Mary, a not unattractive creature with short blonde hair, meanwhile inspects me as if I were some new garment presented for her appreciation, and one which does not match up to her expectations. "Is it the county library you're working in then?" she asks. I explain that my place of employment is not the Castlebar headquarters but the Ballina outpost. "Ah sure some day maybe," she replies consolingly.

This girl, I understand from Noeleen, is on grade two of the clerical level in the Department of Posts and Telegraphs. That is the next to lowest grade and yet she feels able to patronise me. I must master the art of the instant put-down. Otherwise I will leave myself open to a life of humiliation by junior civil service clerks and the like.

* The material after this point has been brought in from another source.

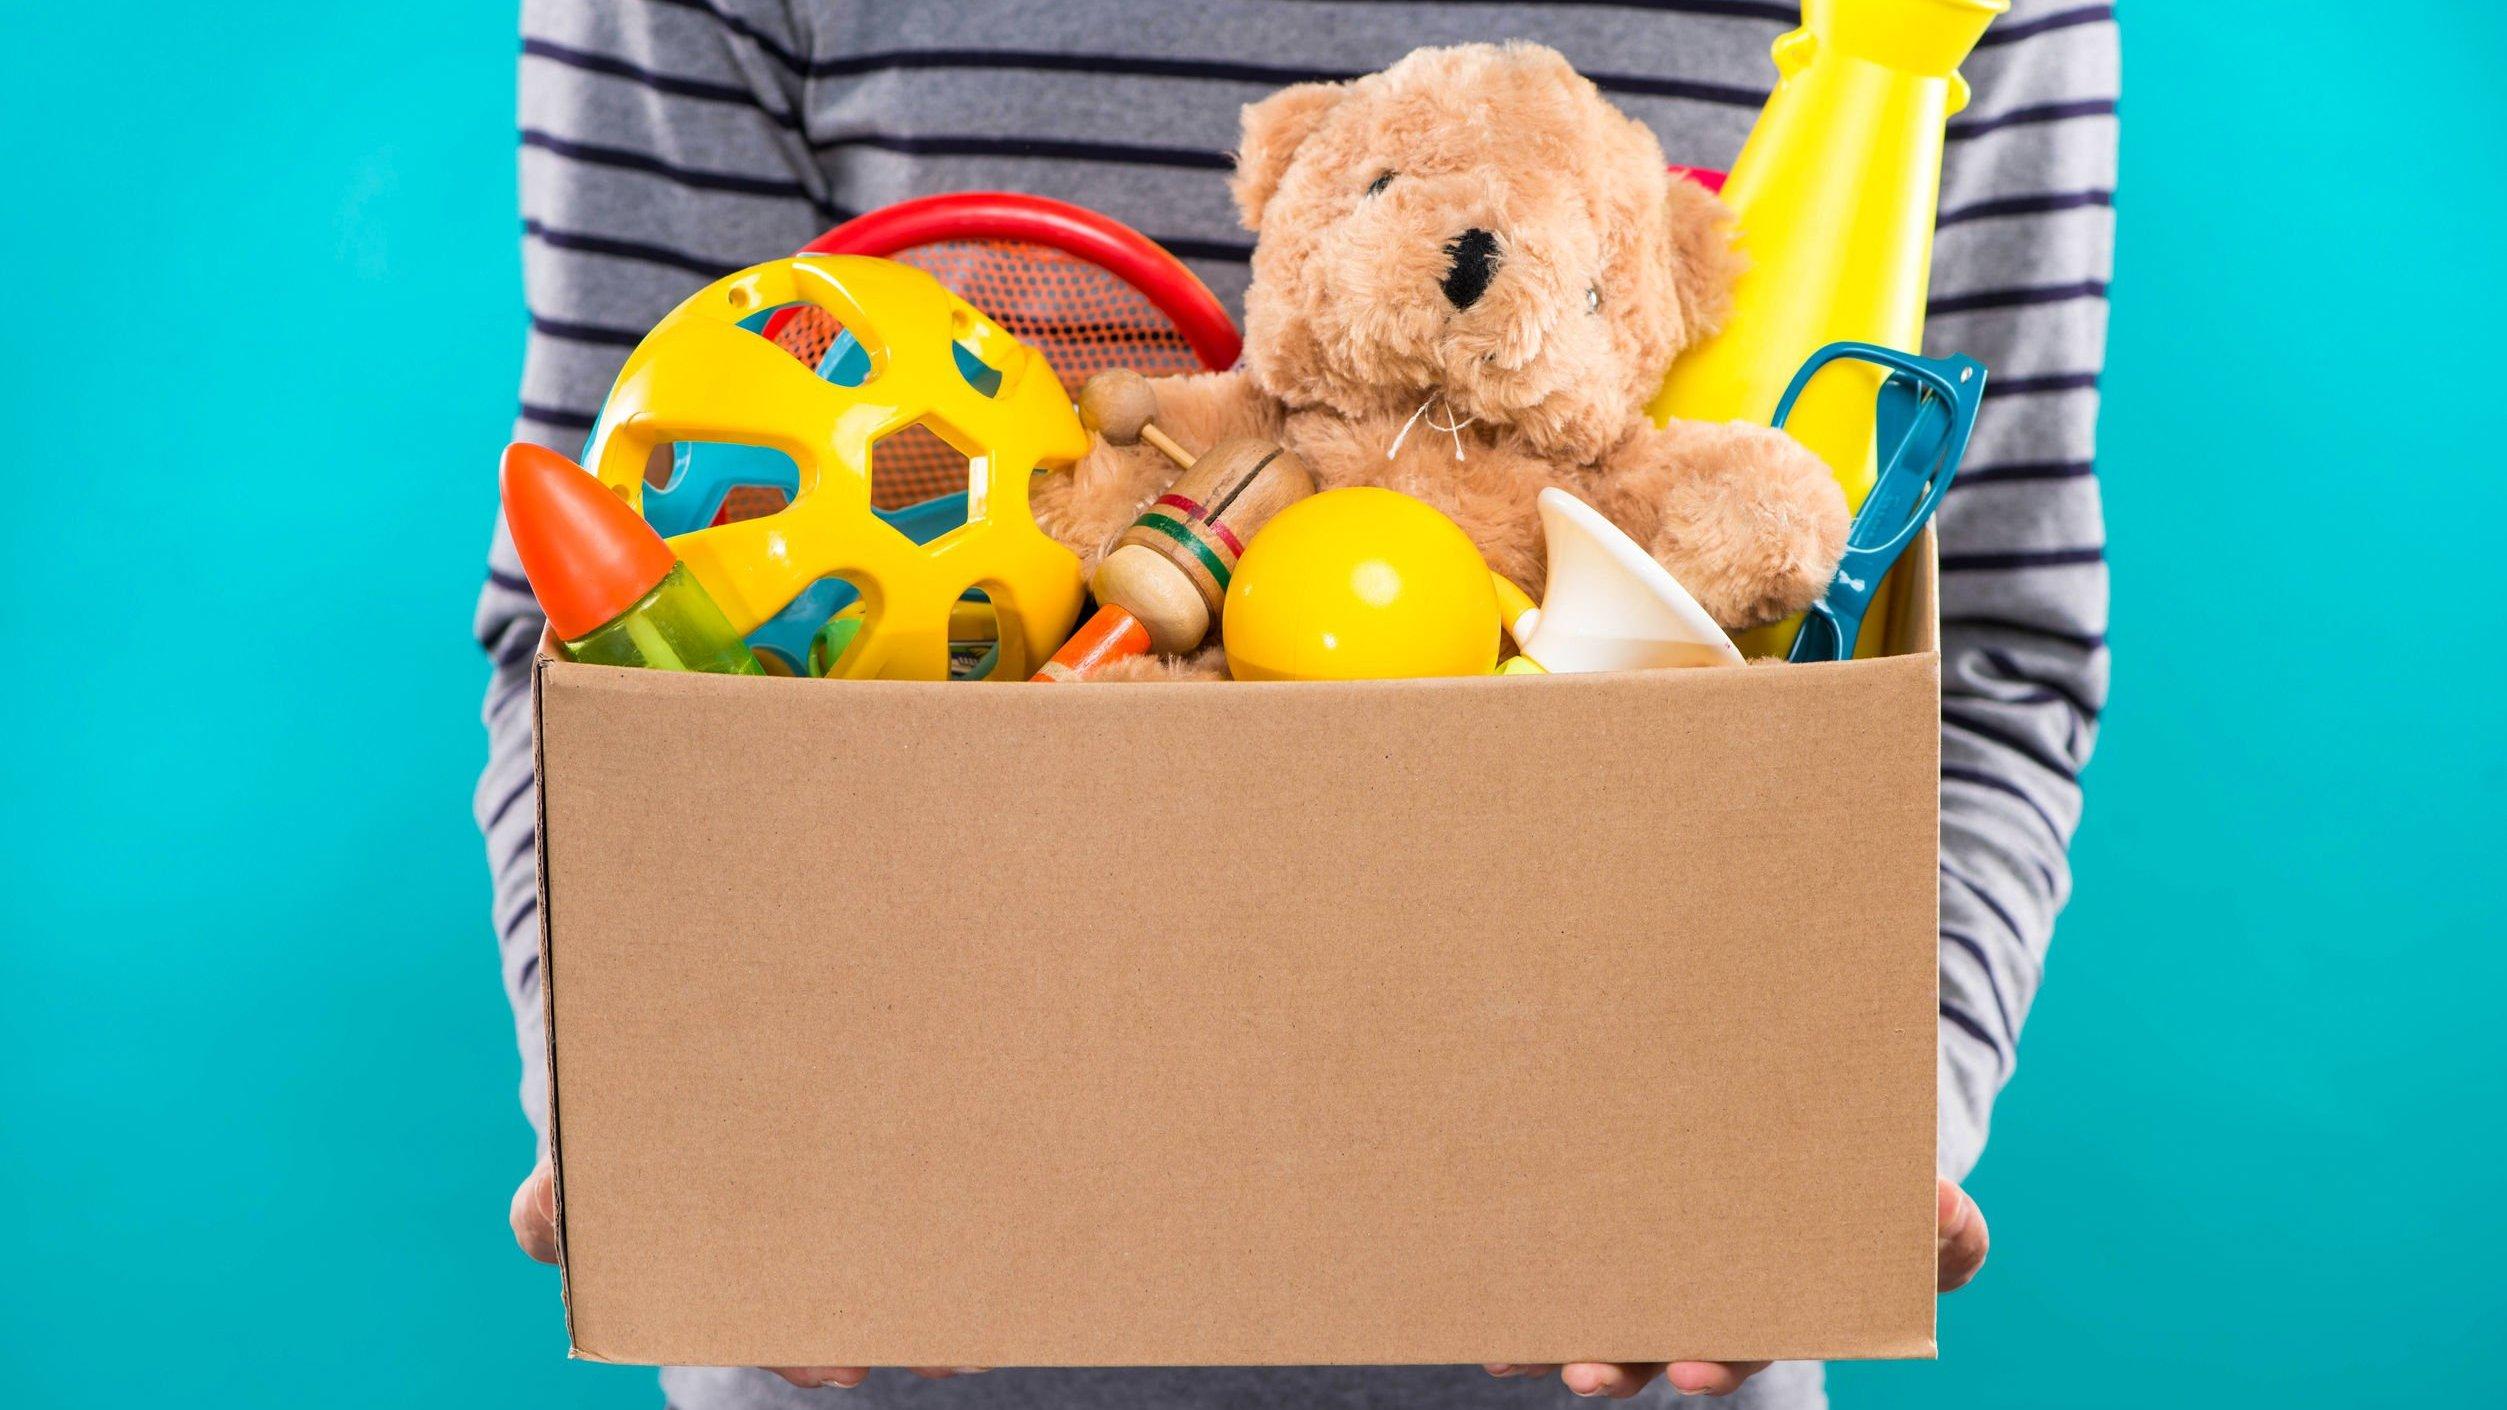 Pessoa segurando caixa de brinquedos

However, I soon forget the slur when I see the huge feed of very tasty if unusual food which Geraldine slaps up in front of us in foil containers an hour later. When I ask politely who has prepared this fabulous repast, Mary says: "Probably the Emperor of China himself." The three young women nearly fall off their chairs laughing. The Emperor of China, it turns out, is their local Chinese "takeaway".

This is the sort of sophisticated food outlet which shows up the poverty of Ballina cuisine (though I have heard a rumour that a Chinese restaurant is soon to grace the town). But though Mary certainly puts away her share of rice, sweet-and-sour pork, garlic bread and fried chicken, she says all "this foreign muck" is highly over-rated and "you'd be better off with a good feed of ham and spuds". In Cloonfad, presumably.

At any rate we wash all this down with two enormous bottles of a superb white wine (French, I believe) called "Hirondelle", though I have to drink mine from a green plastic tooth-mug, there being only three pint glasses in the flat.

I am already beginning to feel a heady sense of sophistication and elegant living here in Dublin. The Beatles are screaming "Please Please Me" on Noeleen's record-player (His Master's Voice, a present from Jerome), we have a six-pack of Phoenix each for the party to which we are invited later on, and as Geraldine points out loudly, a little giddy on her feet, "the night is young".

My memories of the excellent party must wait for another day; one in which I will hopefully be able to move without alcohol-induced pain racking my every muscle.